Just because an artist manages to make a certain kind of art fashionable for people to buy doesn't mean that s/he actually influenced the artists in that genre who make that kind of work thereafter--they just influenced the market.

Anonymous said...

true anon 7:13
a white male figurative painter rocks the art world and is remembered forever?
haven't we heard this story before?

JD said...

Anon 5:55, WELL SAID!!!

Anonymous said...

I agree with those comments about John Currin. The fact that we are writing on a blog called "PainterNYC" is in some way due to Currin and his contemporaries.

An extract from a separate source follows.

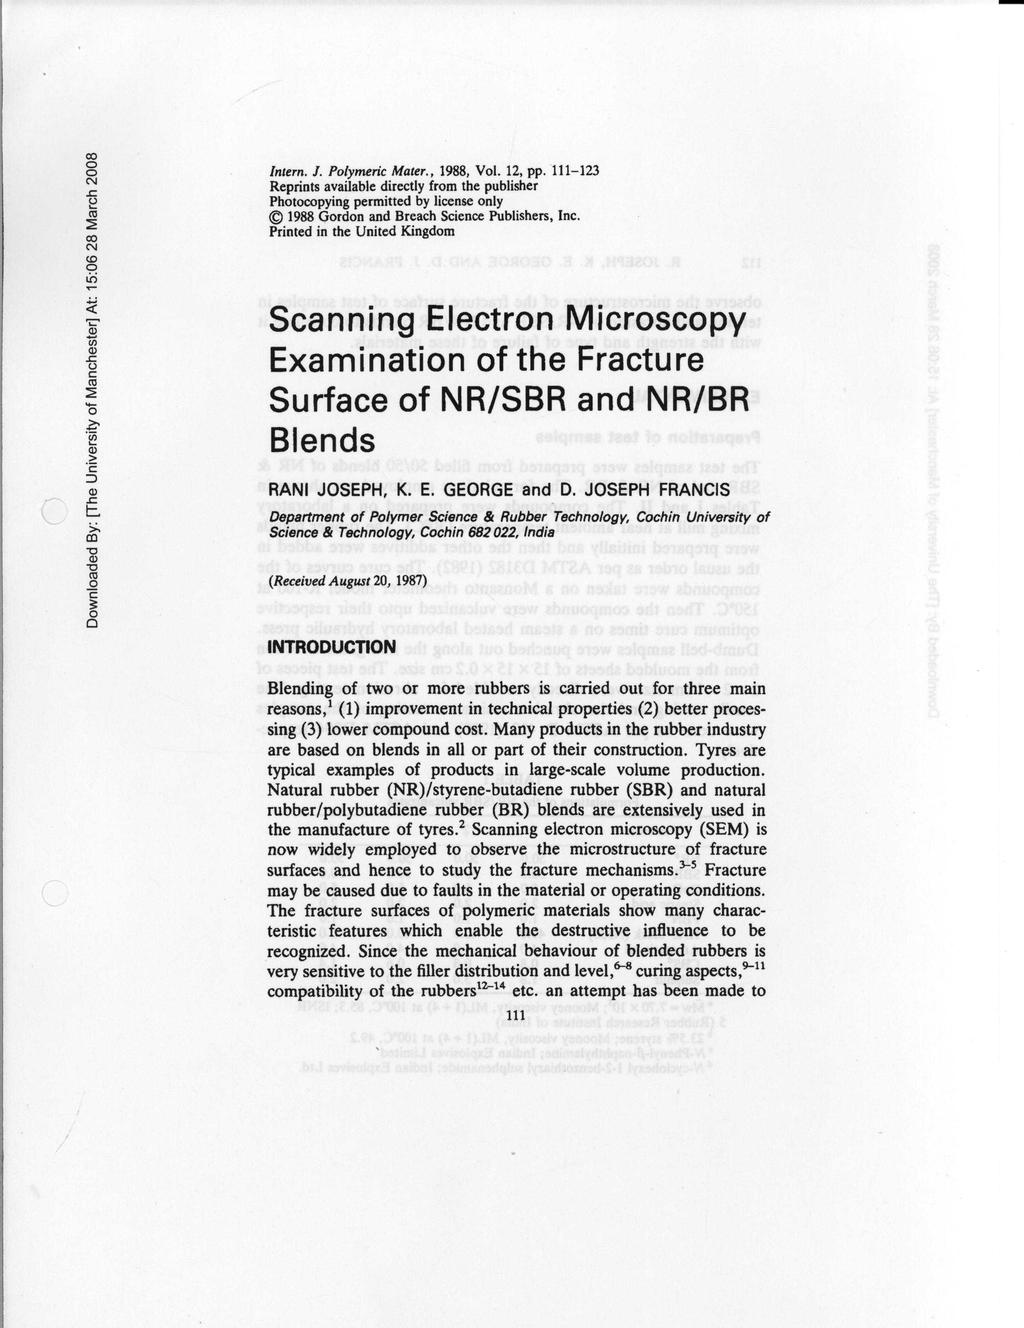 Intern. J. Polymeric Mater., 1988, Vol. 12, pp. 111-123 Reprints available directly from the publisher Photocopying permitted by license only Q 1988 Gordon and Breach Science Publishers, Inc.

I think young painters today don't quite understand that. The way we can talk about 'loving' painting was a totally absurd thought before that generation came along. It wasn't just about the market.

Anonymous said...

i can't believe you are such a sheep that you couldn't love an unpopular thing until john currin made it popular for rich people to buy that thing. that's pathetic.

Anonymous said...

Don't y'all think it's kind of difficult to talk about this work, especially if you haven't seen it in person? The color reproduction on the web is for shit, plus you can't see what's really happening in the image. The images for the Mary Boone show from his last show looked just about nothing like the paintings in person, and also, the scale of the pieces is really nice to boot, which isn't at all reflected in a small-for-web image. The material use is really great and THAT certainly doesn't come across in this image. The use of matte and gloss mediums, touches of airbrush, paint that's been dragged with a knife, freehand bits, masked bits, and areas where he's playing within a close range of values. i like the fact that over the past few years he's been really playing and extending his repetoire within a tight range. he's found a lot of imaginative ways to make images within the contstraints he's set for himself.

Anonymous said...

yeah, whatever Jay...

Anonymous said...

i saw the show--it was no fun

Anonymous said...

I agree w/ Anon and JD--Currin changed all, Yuskavage, too, and to a lesser degree Catherine Howe. Yuskavage's Tit Heaven watercolors, unforgettable! with the bad girls 1992 show at Elizabeth Koury...then Currin's palette knife girls show...that SHOCKED me. It really did. More than Oehlen, who I love for his abandon.
They (Currin, Yuskavage, Howe) opened up new mining of territory within figuration. It was huge and exciting. Of course many people were building on these themes in their studios, Ellen Phelan was making the doll paintings, Alex Katz was certainly working, Odd Nerdrum was showing, but Currin and Yuskavage were the first to bring out the conflict between history and present time on the surface of painting.